■ What is expected ■
Leave every picture out. Set down all the lines below exactly.

■ Available data ■
━━━━━━━━━━━━━━━━━━━━
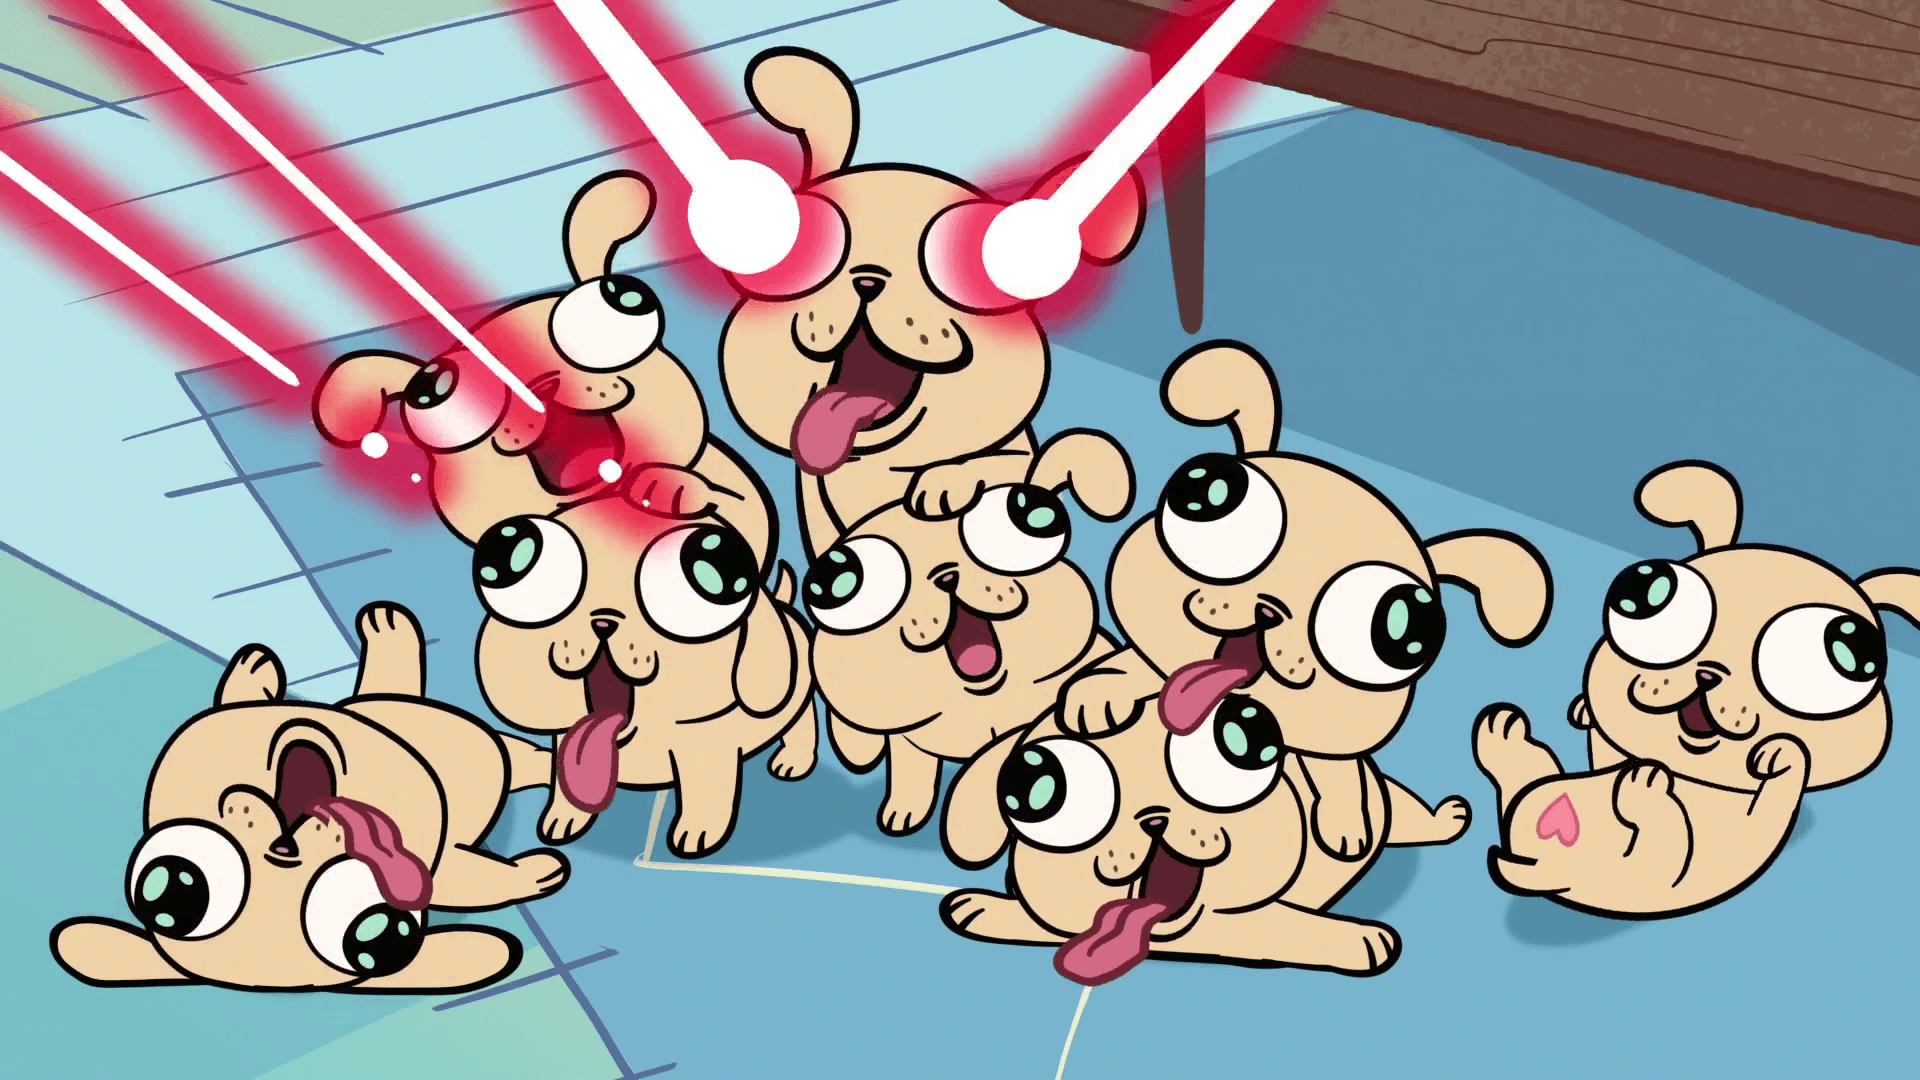 Laser puppies
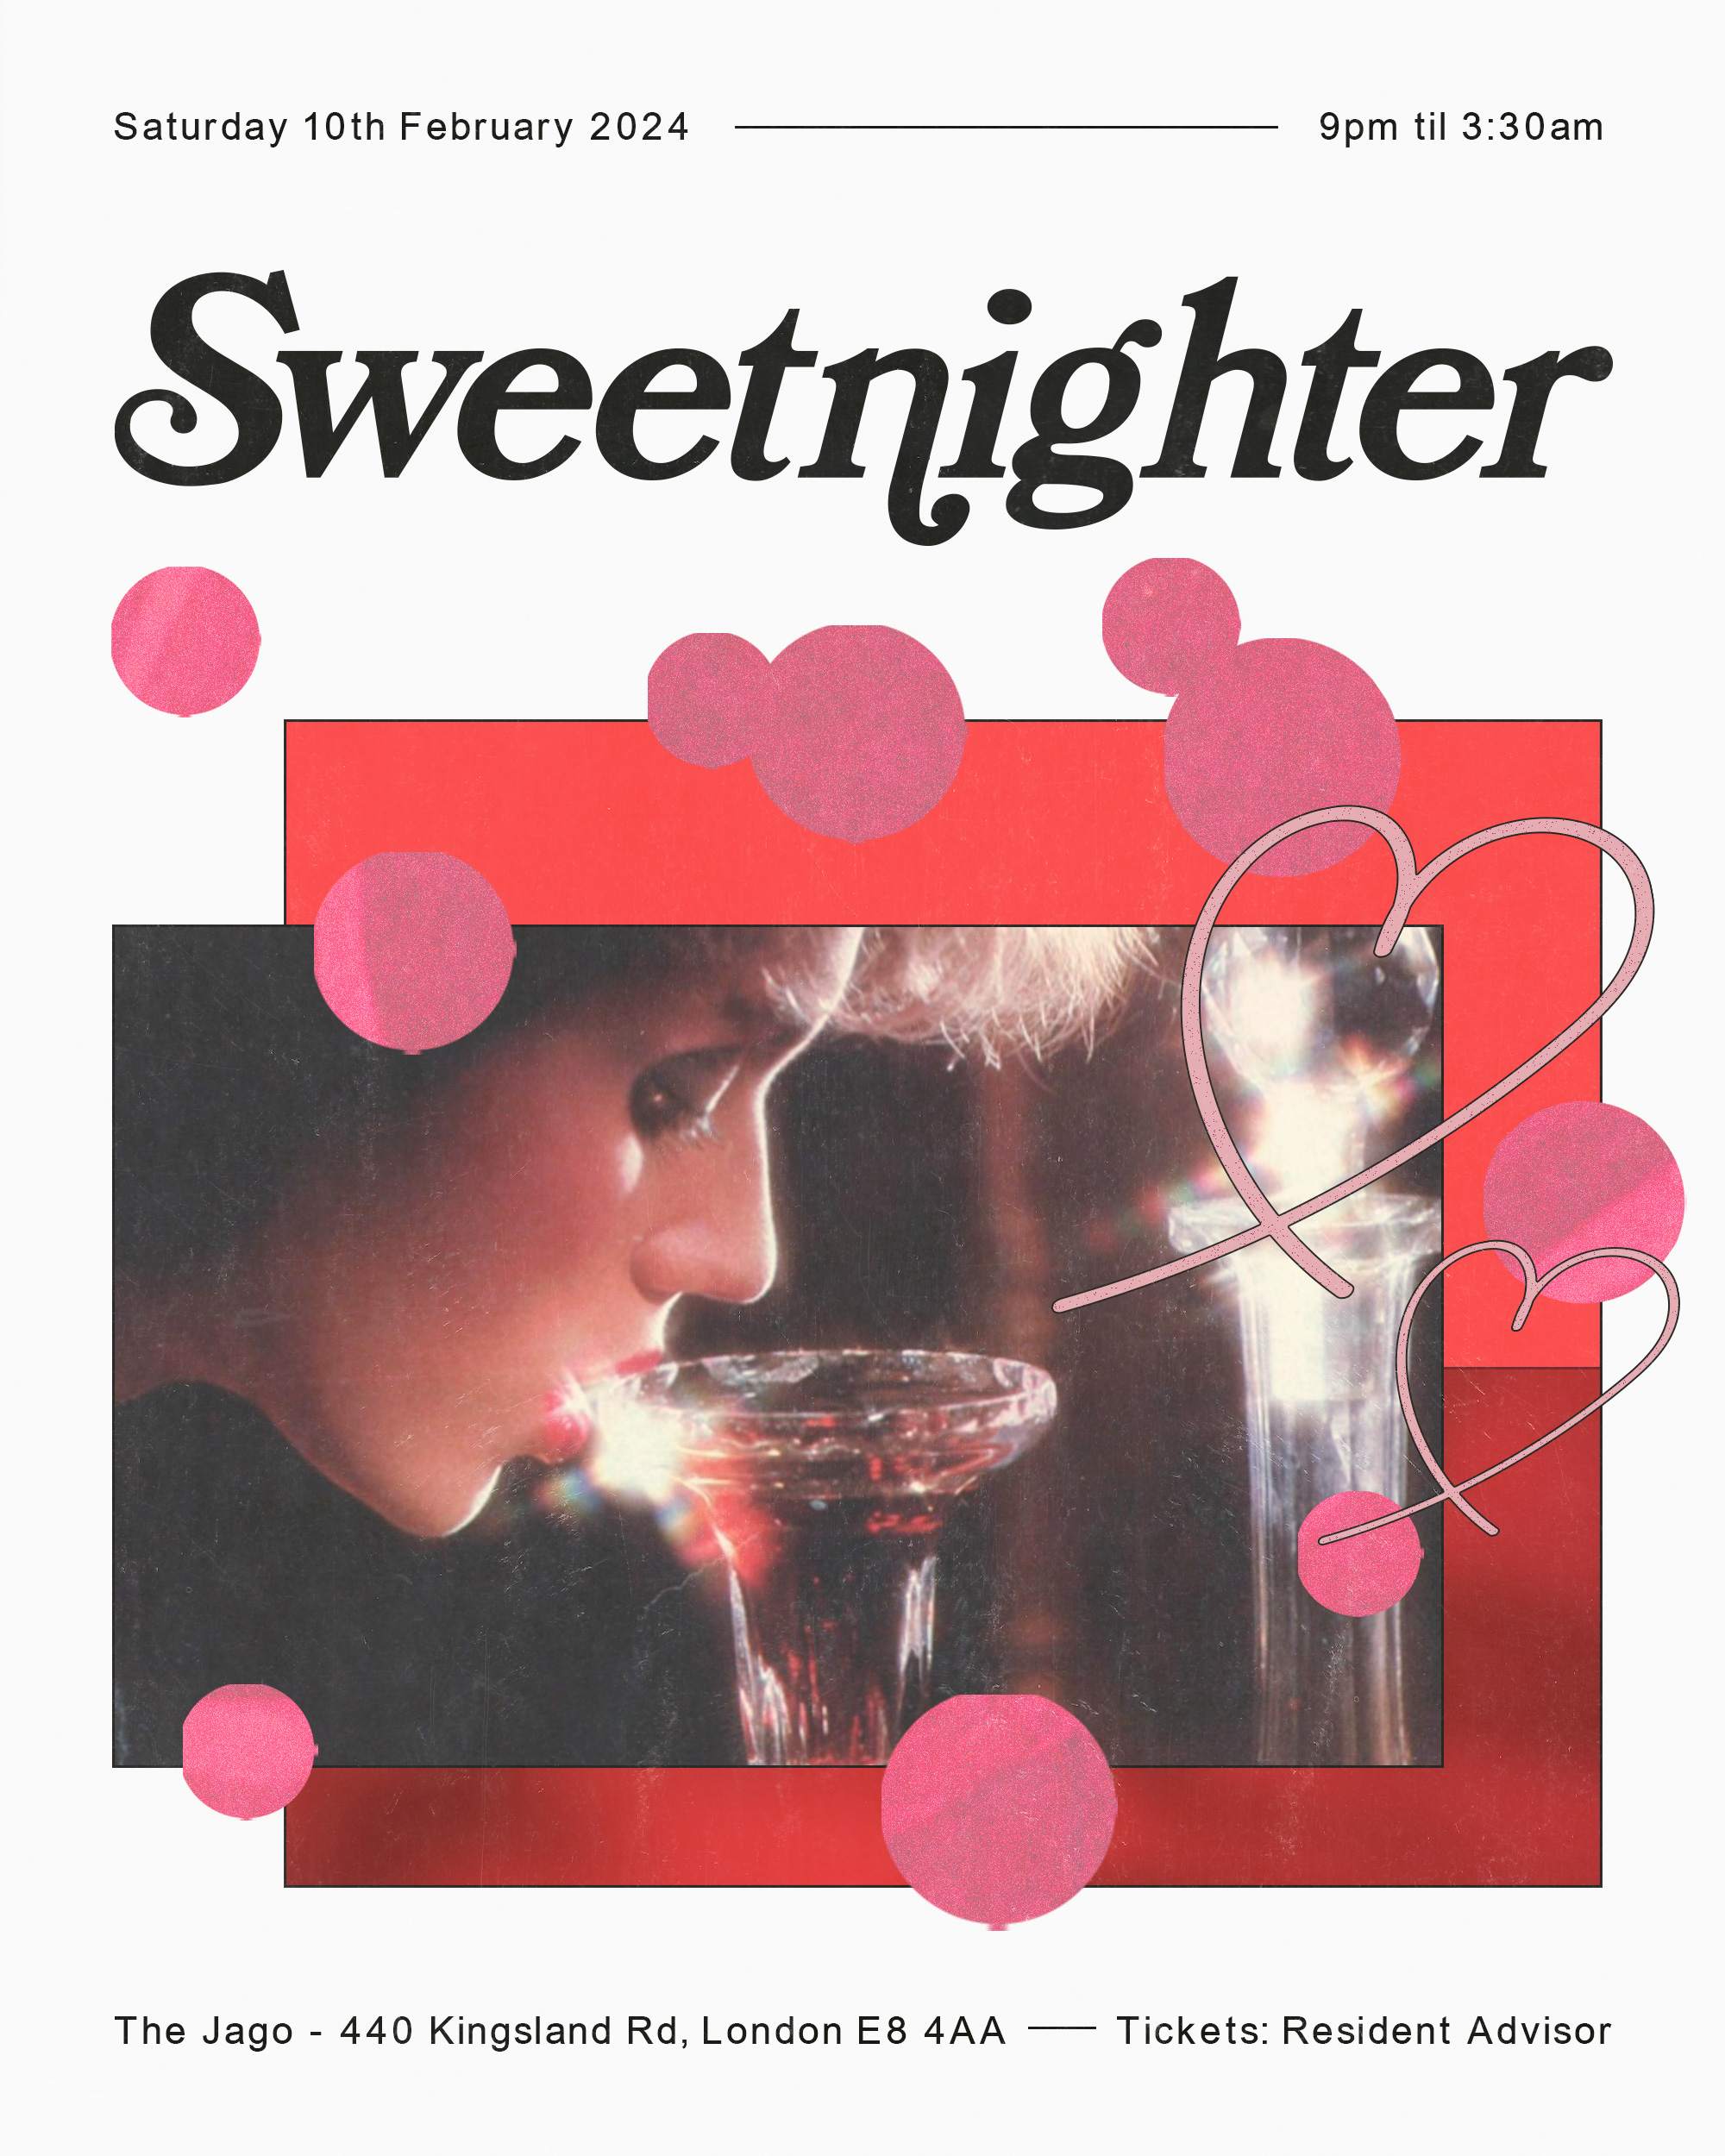 Sweetnighter - Página trasera
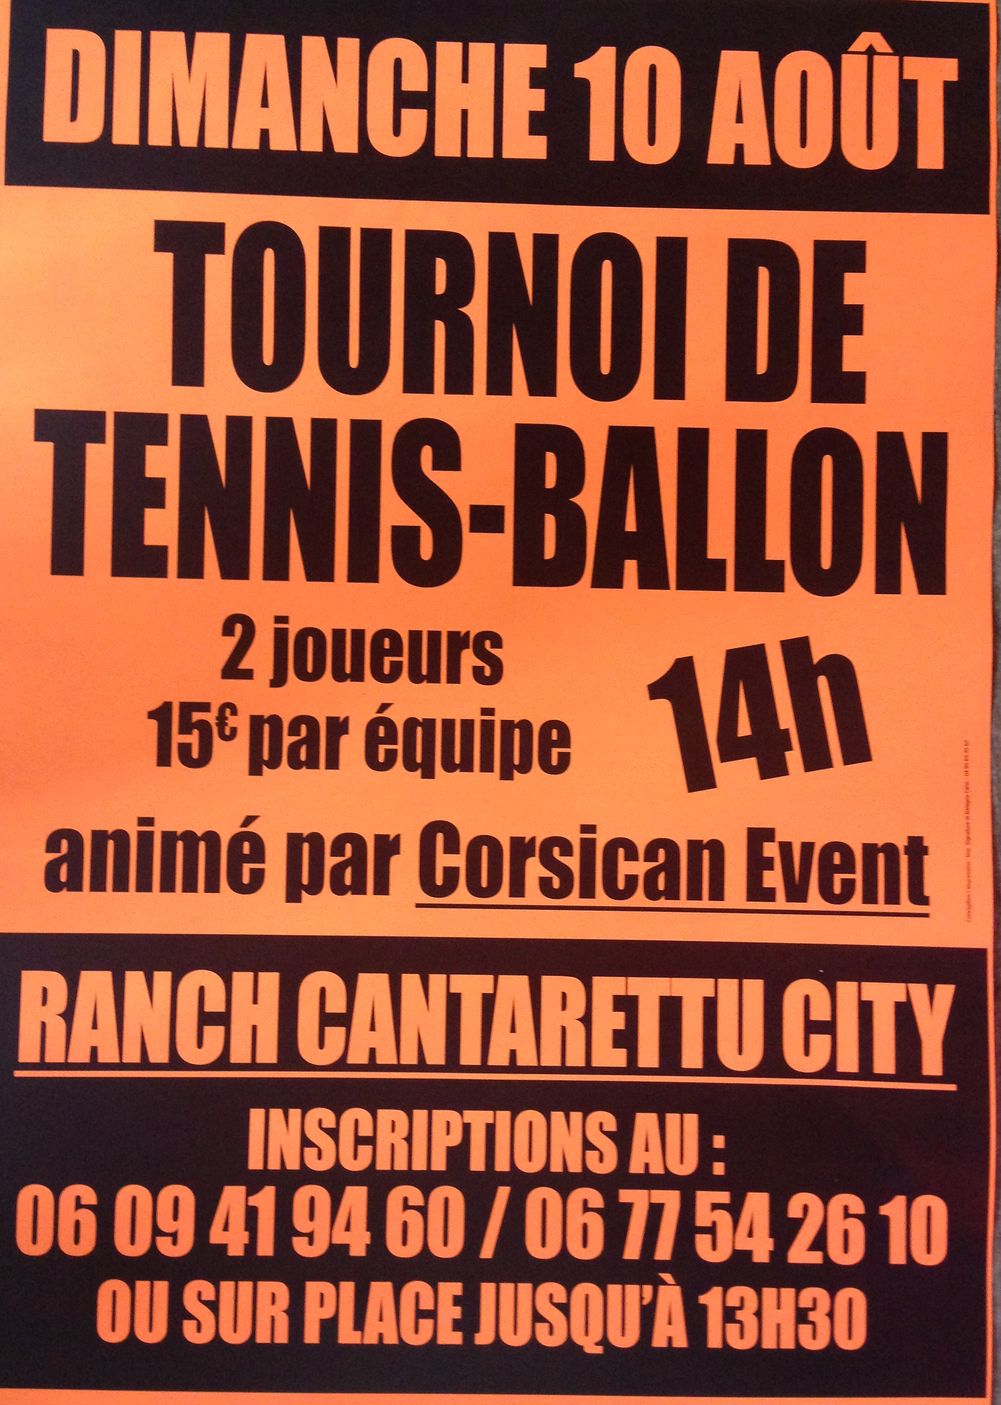 Tournoi de Tennis-Ballon au Cantarettu City d'Algajola-Corbara
━━━━━━━━━━━━━━━━━━━━
■ Answer to this problem ■
 Laser puppies
 Sweetnighter - Página trasera
 Tournoi de Tennis-Ballon au Cantarettu City d'Algajola-Corbara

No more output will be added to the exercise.